C’est l’une des raisons pour lesquelles les installations de broyage humide et sec en Angola sont insuffisantes. Par conséquent, de nombreux agriculteurs vendent simplement leurs cerises de café à des vendeurs itinérants, qui traitent, sèchent et torréfient ensuite les grains dans les grandes villes, ajoutant ainsi plus de valeur.
L’infrastructure de transport est un autre problème clé. La plupart des producteurs de café angolais se trouvent dans des zones rurales, et le transport de leur récolte vers les centres de traitement peut être compliqué et coûteux. Ce coût est aussi souvent à la charge de l’acheteur, ce qui rend le produit moins attrayant.

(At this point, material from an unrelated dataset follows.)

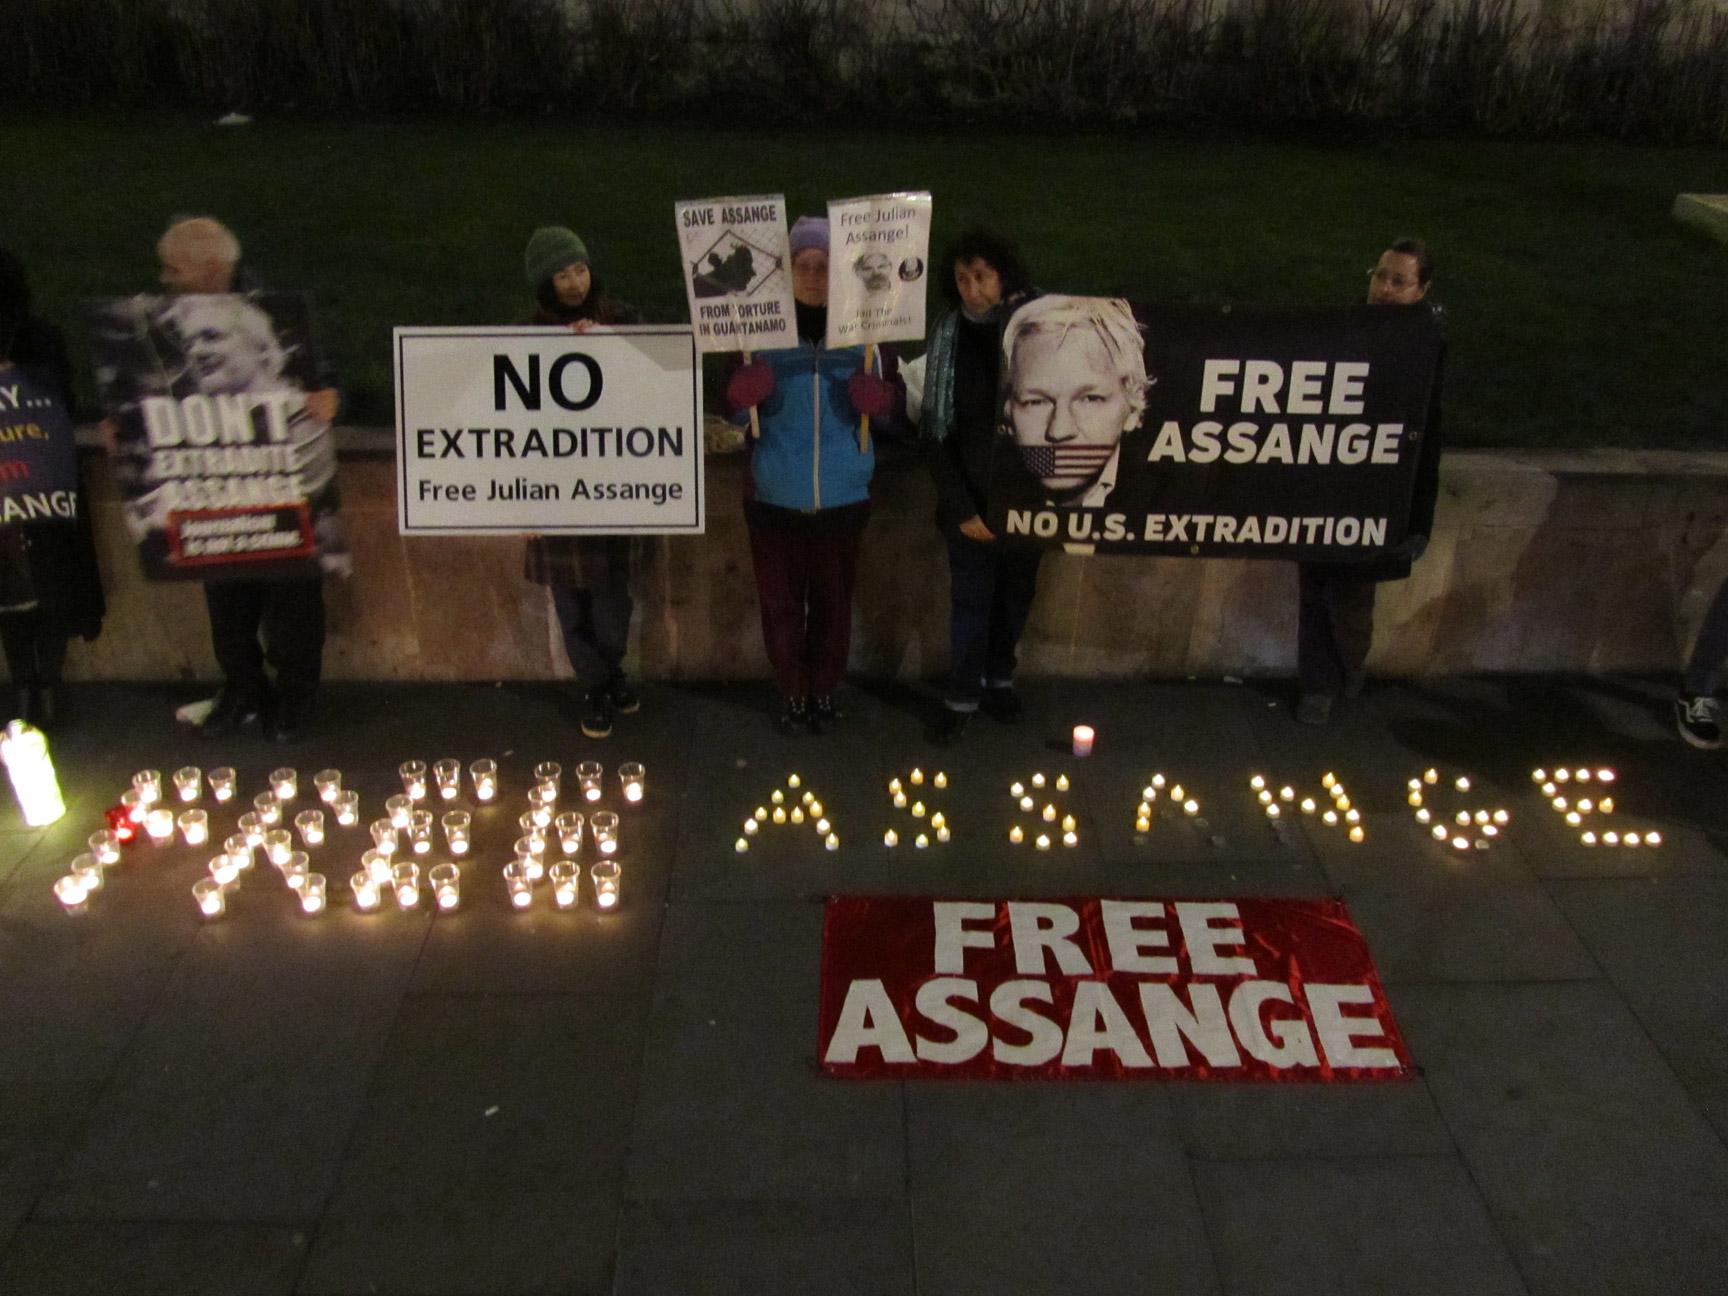 Assange-Mahnwachen nötiger denn je! In den Zeiten des ungebremsten Säbelrasselns gegenüber Iran durch die anhaltende US-GB Koalition hielt ich mich einmal mehr für ein paar Tage in London auf, um zu sehen, was sich in der Assange-Affäre tut. Leider nicht sehr viel von offizieller Seite, aber zum Glück sind seine Unterstützer nach wie vor sehr aktiv und in Deutschland und Belgien gehen die Aktivisten mit gutem Beispiel voran. Siehe dazu auch die Hinweise am Ende. Eine Zusammenfassung der Zeit zwischen den Jahren von Moritz Müller...

Enfin, il est difficile pour les producteurs de café angolais d’obtenir des crédits et des financements à court terme. Les quelques banques qui existent ne sont pas disposées à financer la plupart des exportateurs, car elles considèrent que le commerce du café est trop risqué. Seuls quelques gros exportateurs sont financés, et les fonds ne sont disponibles que contre des garanties.

Regarder devant soi
Cependant, il y a encore de l’espoir à l’horizon pour le secteur angolais du café. Le gouvernement est actuellement engagé dans la réforme de l’industrie, qu’il considère comme une opportunité de créer des emplois pour de nombreux Angolais.
Il cherche à se concentrer sur les nombreux jeunes soldats démobilisés dans le pays, ainsi que sur les populations rurales qui ont été déplacées par le conflit dans le pays.

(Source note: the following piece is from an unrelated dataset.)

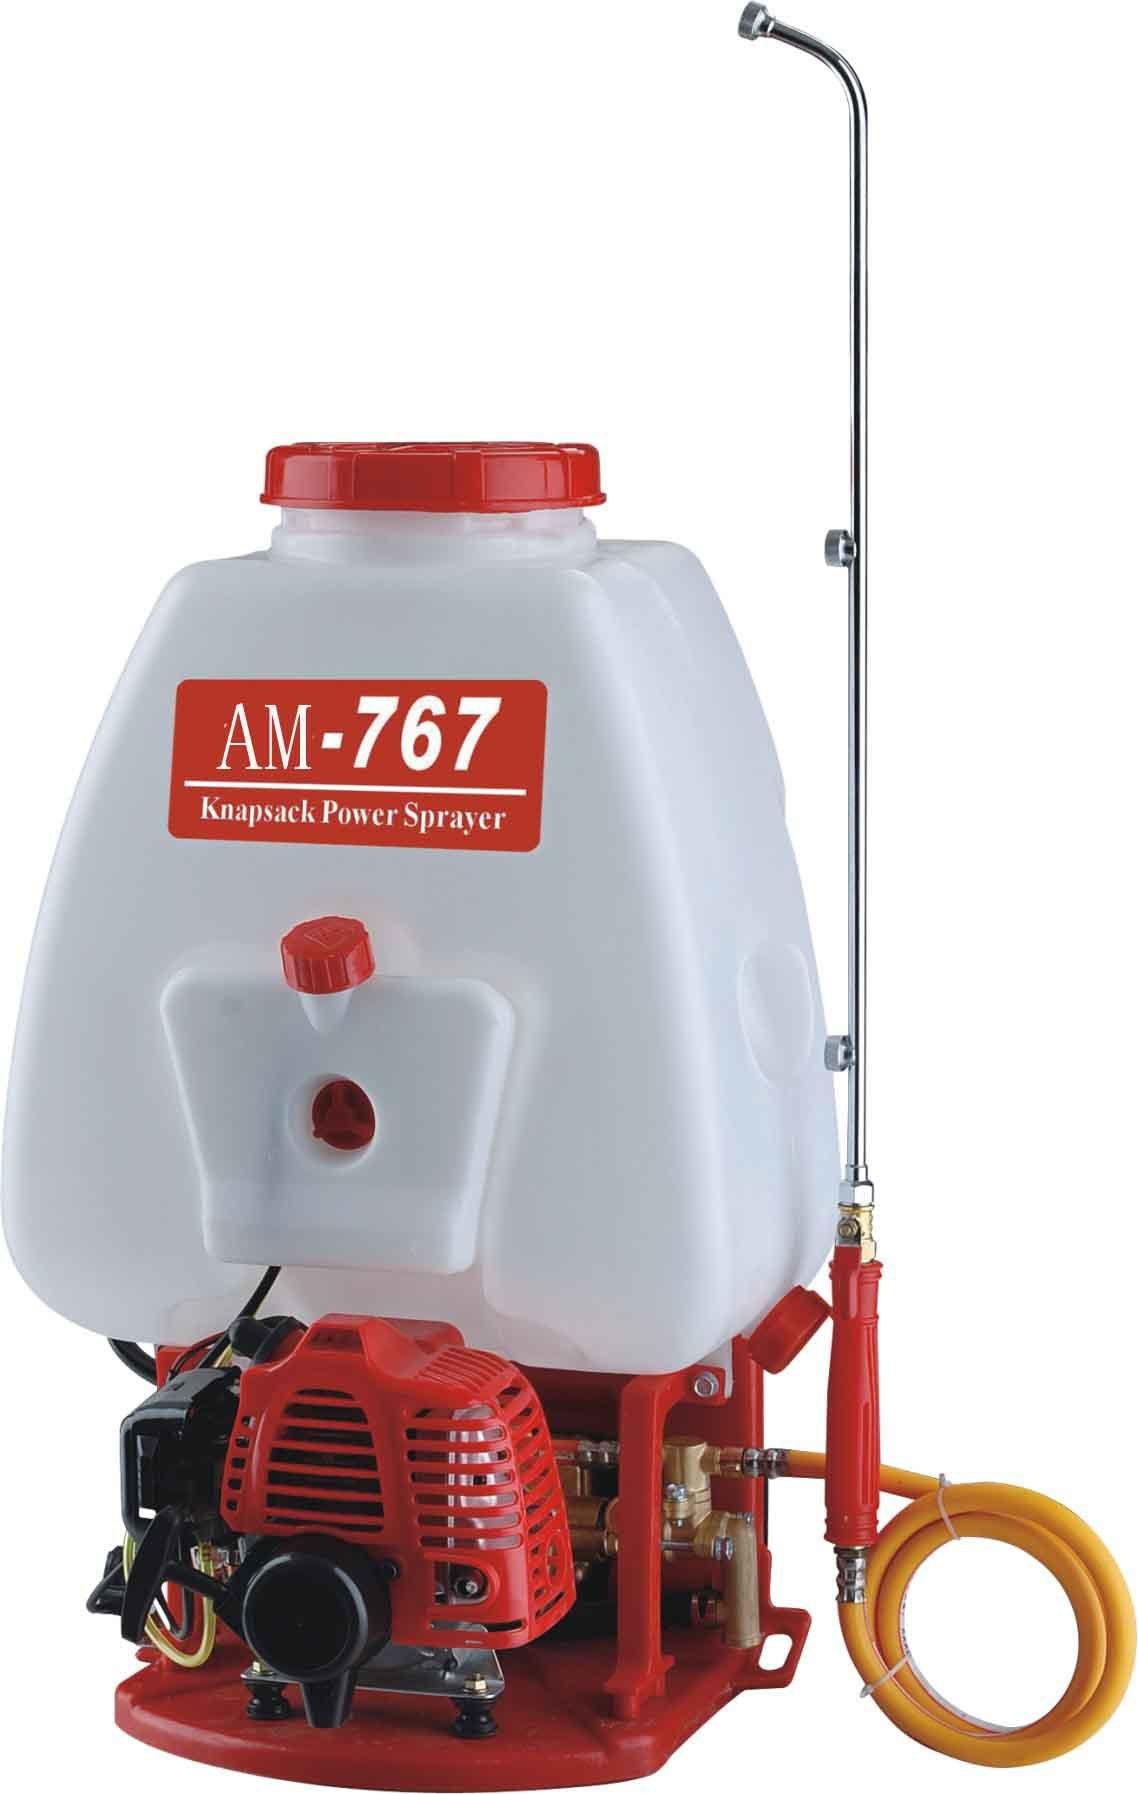 Power Sprayer, Engine Sprayer, Knapsack Power Sprayer (AM-E01)

À cette fin, en 2019, le gouvernement a lancé un programme de revitalisation du café arabica qui a été marqué par la distribution de 15 000 plants à 30 familles de Beteleme. Au fil du temps, l’objectif est que des initiatives similaires fournissent à plus de 3 000 personnes une source de subsistance.
Un autre plan de réforme prévoyait de dépenser quelque 8,5 millions de dollars US pour cultiver du café robusta sur 17 000 ha de terres agricoles dans la municipalité d’Amboim. Il s’agit d’une zone qui a été ravagée par la guerre civile ; à terme, le gouvernement espère que la région sera en mesure de produire quelque 650 000 sacs de 60 kg par an.

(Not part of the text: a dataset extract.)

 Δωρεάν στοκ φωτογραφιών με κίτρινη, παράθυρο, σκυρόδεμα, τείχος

En outre, la Conférence des Nations Unies sur le commerce et le développement (CNUCED) travaille actuellement avec les agriculteurs, le gouvernement et d’autres acteurs du secteur du café du pays pour évaluer comment les producteurs et les exportateurs pourraient mieux se positionner dans la chaîne de valeur mondiale.
En novembre 2019, la CNUCED a organisé un atelier dans la province d’Uíge dans le cadre du processus national d’examen des exportations agricoles. Son objectif était de former plus de 200 agriculteurs et fonctionnaires locaux à cartographier leurs chaînes de valeur, à évaluer les opportunités et les défis pour les secteurs agricoles (comme le café) et à rédiger un plan d’action.

Si l’Angola concrétise ces initiatives et améliore ses infrastructures de production de café, il pourrait bien commencer à exporter du café à grande échelle vers des acheteurs d’Amérique du Nord et d’Europe.
Le robusta angolais jouit encore d’une réputation raisonnable auprès de certains importateurs de café, mais il reste à voir si le pays peut redonner à son industrie du café, autrefois dominante, sa gloire d’antan.
En fin de compte, si l’Angola est toujours en train de se débarrasser des séquelles de décennies de guerre et de troubles, il y a des raisons d’espérer. Avec une main-d’œuvre jeune et de nombreuses terres arables, l’INCA et ses associés pourraient bientôt ramener le café angolais sur la scène mondiale.